I: Well looking around and seeing that other students in the program are very focused on computers in a way that you’re not, do you feel like you need to . . . is there any feeling of needing to conform to that, or are you pretty comfortable . . .

S: I refuse to. (laughs)

I: You refuse to, okay.

S: Like, I was worried that, like . . . what if I don’t . . . like, will I need to conform to that? Will I need to read, like, books on computers all of my free time or something to survive here? And I feel like so far I haven’t. I’m getting really good grades without that . . . without changing myself. So I feel much more confident now that I don’t have to. It’s kind of nice, I can, like, define a . . . prove them wrong or something.

Other students maintain a critical perspective on the "toy" orientation to computers and reaffirm their own perspective. A woman talks about her peers’ response to a faculty lecture on the ways that computers can be detrimental:

Everyone just said how boring it was. "Who cares that computers did not benefit anyone? We like computers! We love computers! We know computers! And who cares about the rest of the world?" . . . And if you’re trying to make something that’s going to change the world, that’s going to help the world, you have to have some sort of concern about what’s your long-term goal. Not just to produce Word 8 . . . I don’t know, or Excel . . . whatever. (laughs) How . . . how is this helping? Or is it helping? Like go see if that stuff is doing anything.
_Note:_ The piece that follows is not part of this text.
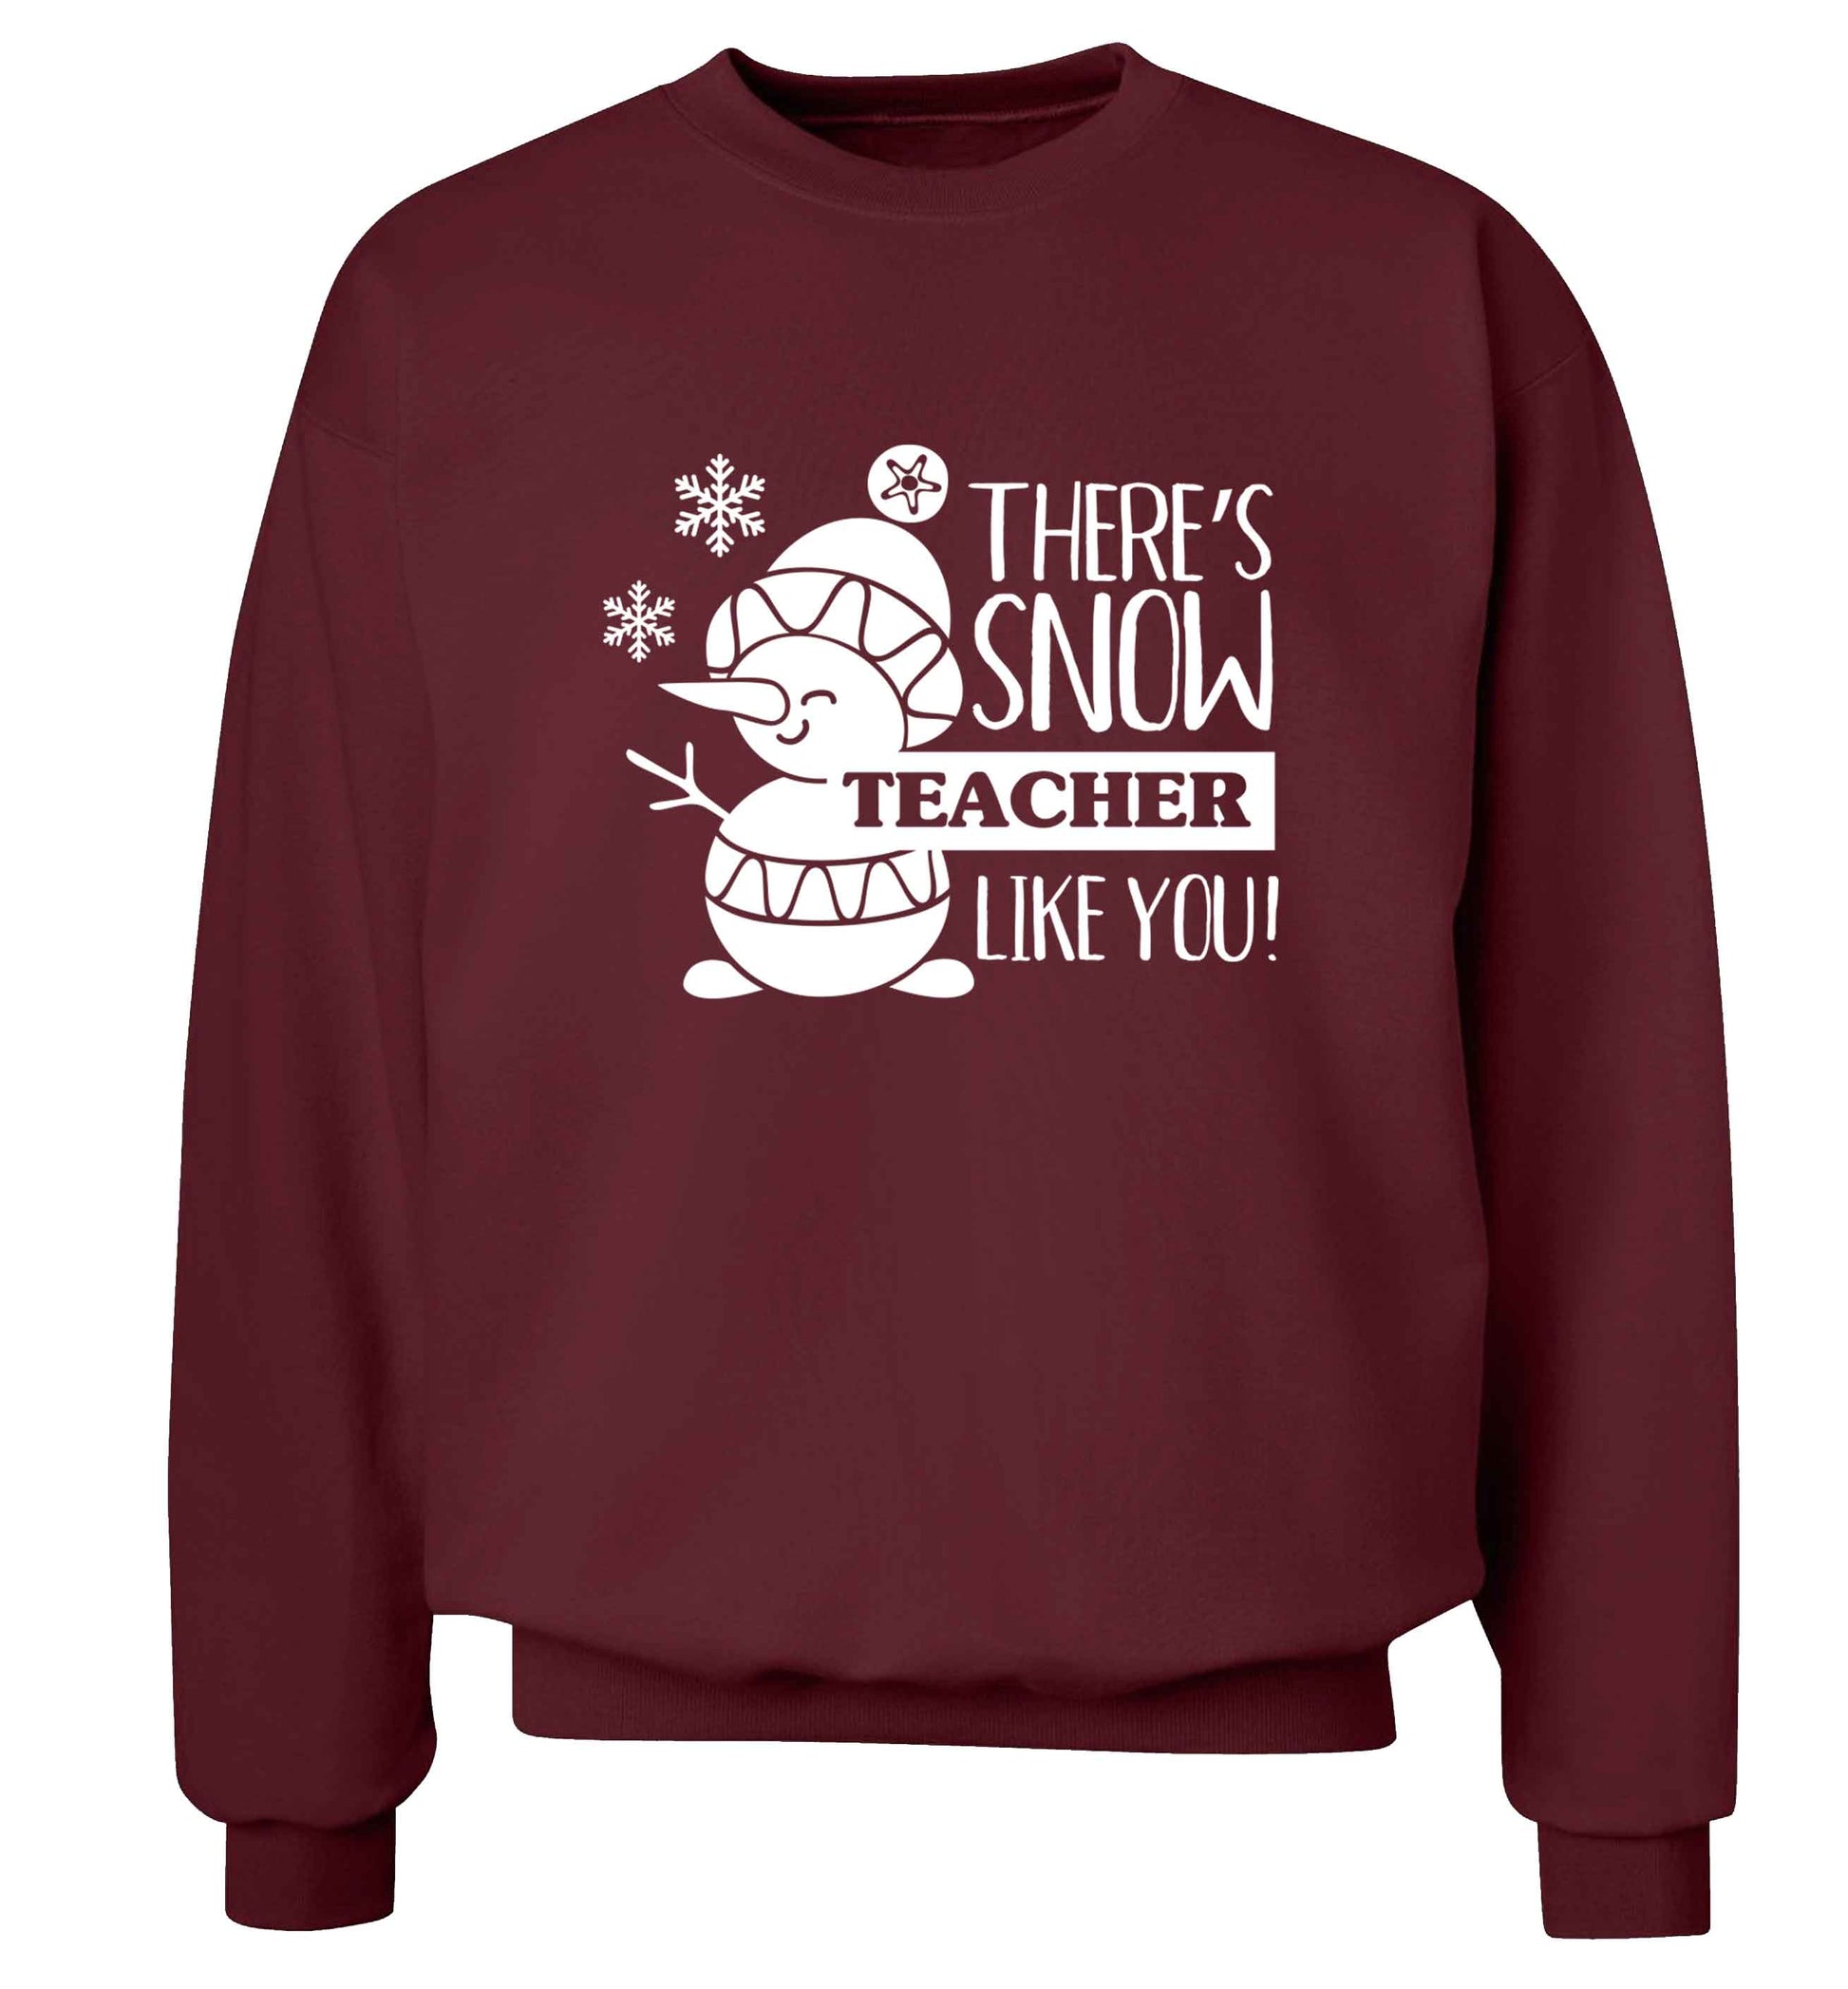 There's snow teacher like you adult's unisex maroon sweater 2XL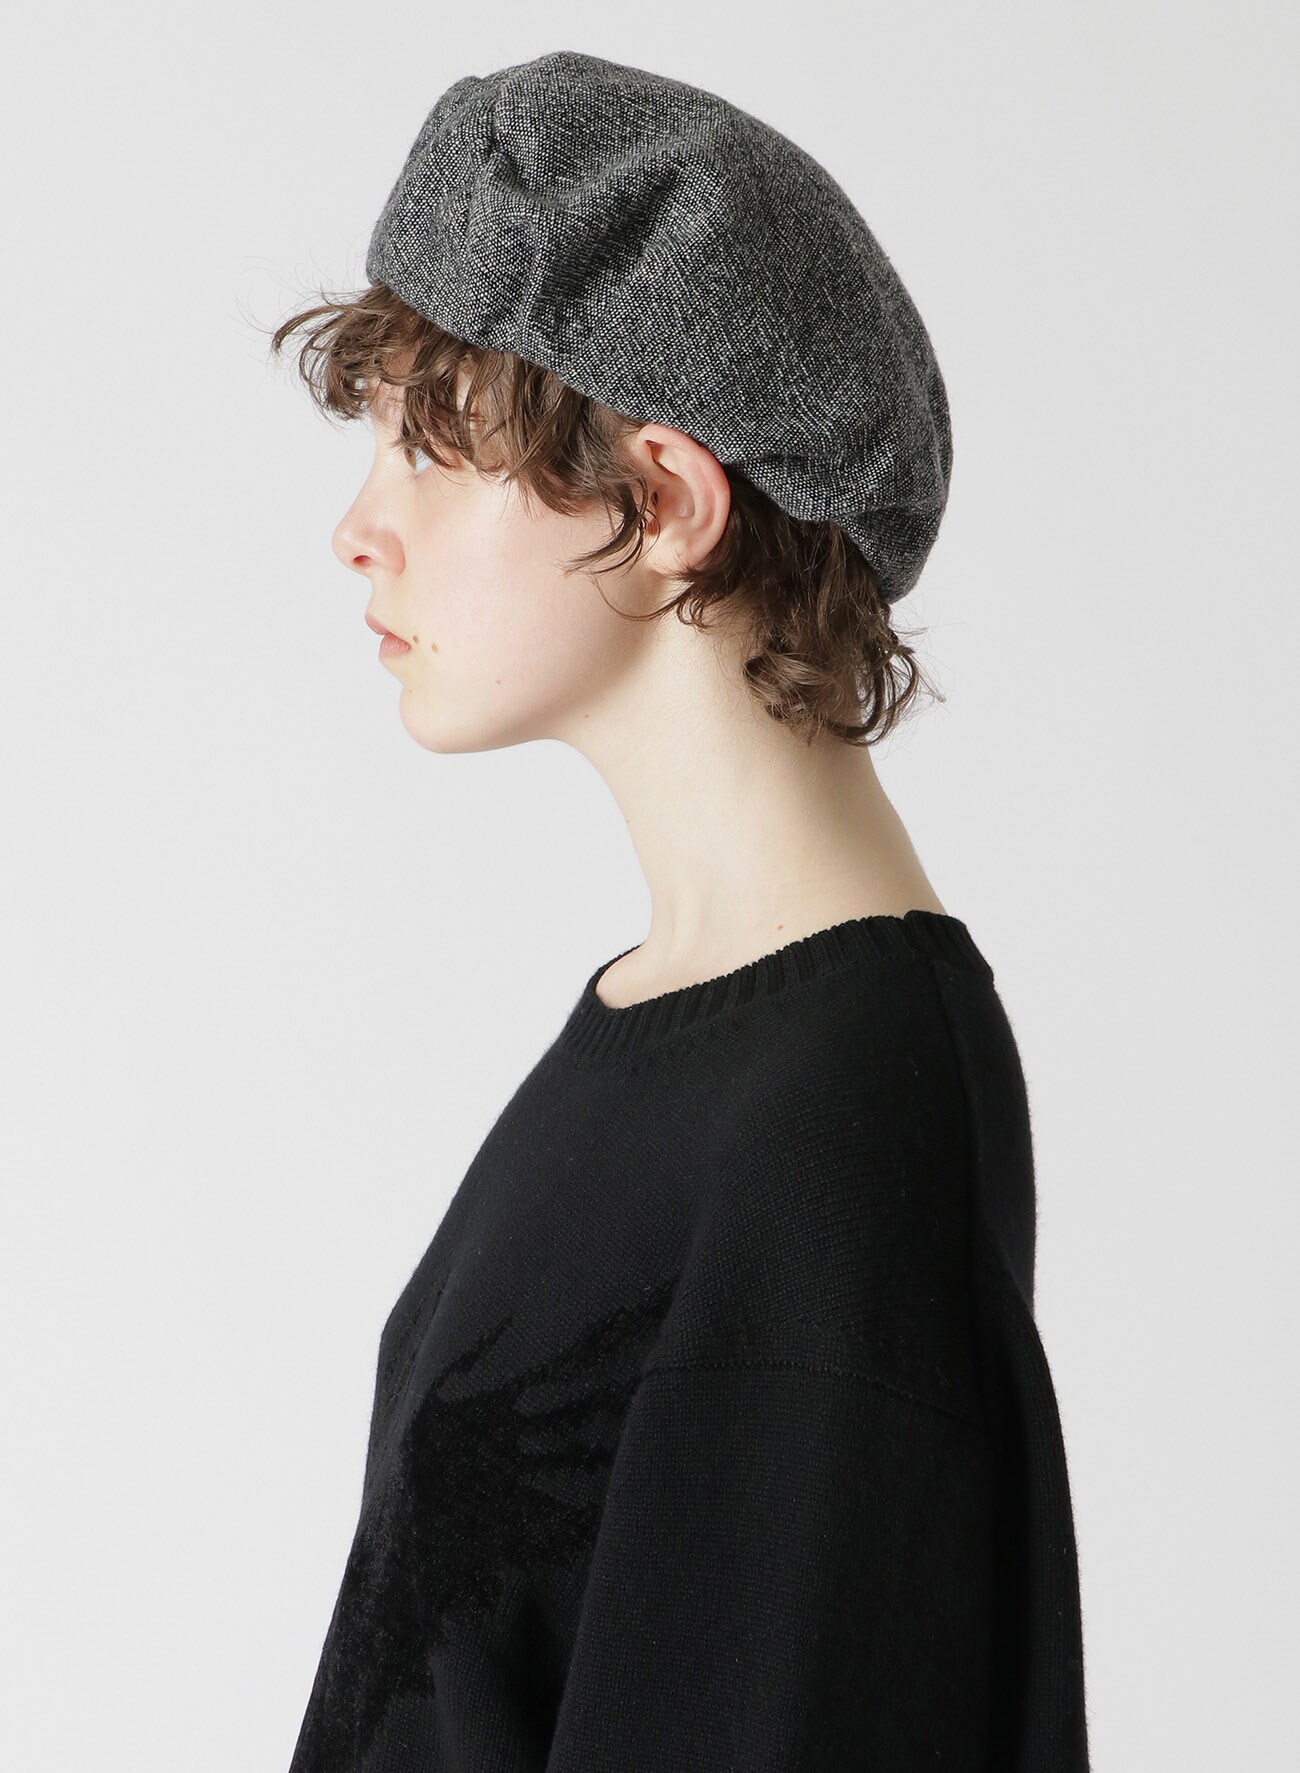 CRUMPLED WOOL TWEED BERET(FREE SIZE White x Black): Y's｜THE SHOP

Computer scientist Frances Grundy (1998) argues that "the debate about the nature of computing is an important one and not simply because of its intellectual importance but also because of the implications as far as the attraction of women into the discipline is concerned." As an example, in her article "Mathematics and Computing: A Help or Hindrance for Women?" she examines how status and politics shapes the dominant definition of a field. She argues that "pure" computing (such as analysis of algorithms and complexity theory) has historically been considered more prestigious than applied computing because male theoreticians, who are the "inner circle" of computer science, define what is "real computer science." She believes that while "in fact, everything done on a computer requires some abstraction…abstraction by itself is not enough; we must be able to set the results of our task back into the real world."

Without taking a position on the math vs. computer science debate, we concur with the view that re-visioning computer science is an important project, both for engaging and educating more women to be inventors and creators of technology and for society as a whole. Will computer science continue to be staked out as male territory—as "guy stuff"—partly through a curriculum that promotes an unnecessarily (and misleadingly) narrow technical view, or can it be re-visioned as a discipline that is highly technical yet linked to other arenas, people, and the world?